Hans Heyerdahl

Paintings
About the exhibition
There were 131 paintings by Hans Heyerdahl (1857-1913) in this exhibition. The exhibition ranges from Heyerdahl's Munich period in the 1870s to his last painting which was a portrait of one of his daughters - Portrait of a Light-curled Girl (1913). The paintings were mostly borrowed from private individuals. They had not wanted to borrow paintings from the National Gallery, as people could otherwise see them there.
About the artist
Heyerdahl was educated at Tegneskolen 1873-74, at the Academy in Munich 1874-77, and with Léon Bonnat, Paris ca. 1878-80. During his time in Paris, in addition to the large realistic composition The Dying Child, which was bought by the French state, he painted a number of richly painted figure studies, nudes and portraits, Laura Gundersen (1879), At the Window (1881), The Champagne Girl (1880). In 1885 he returned home.

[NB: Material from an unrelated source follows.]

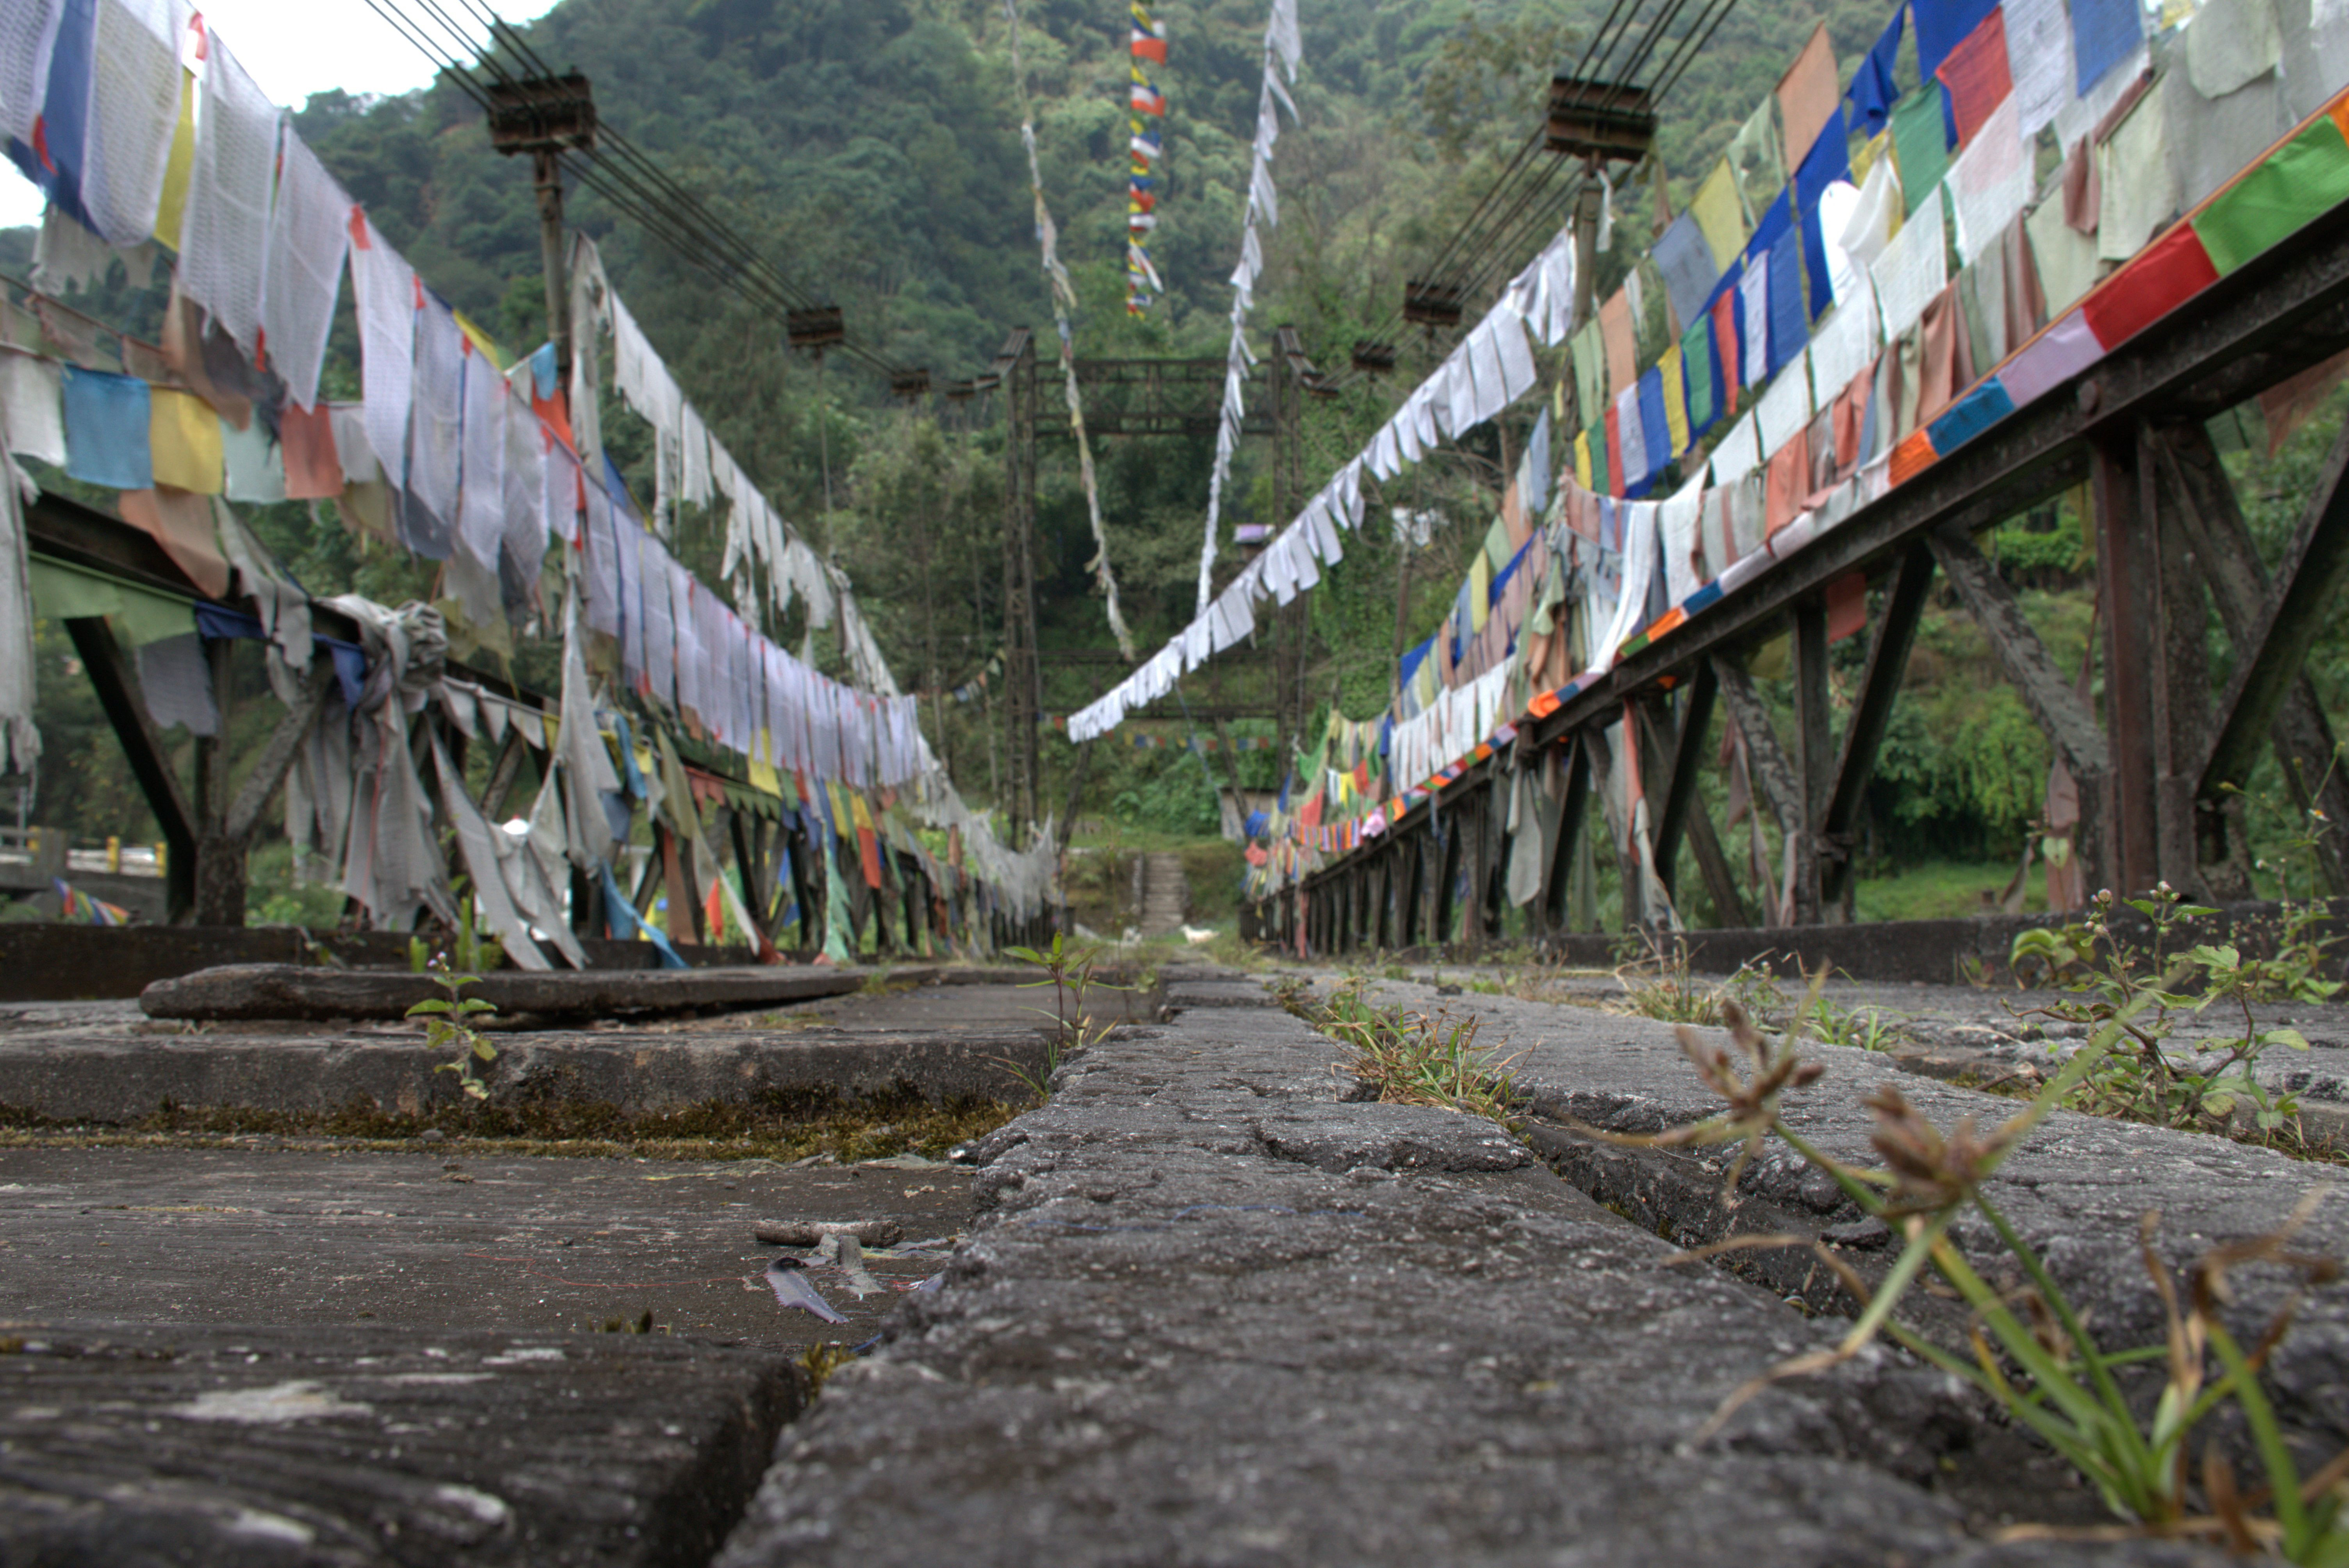 Somewhere in North Sikkim

In Åsgårdstrand he painted bright summer pictures such as The Sisters and Bathing Boys (both 1887), and at his studio in Oslo major works such as The Death of a Worker (1888) and the dazzlingly skillfully painted Svart-Anna (1887). Later on, Heyerdahl was also able to achieve great heights, especially as a portrayer of women, but his impressionable talent was often sidetracked by the neo-Romantic and Symbolist movements of the 1890s.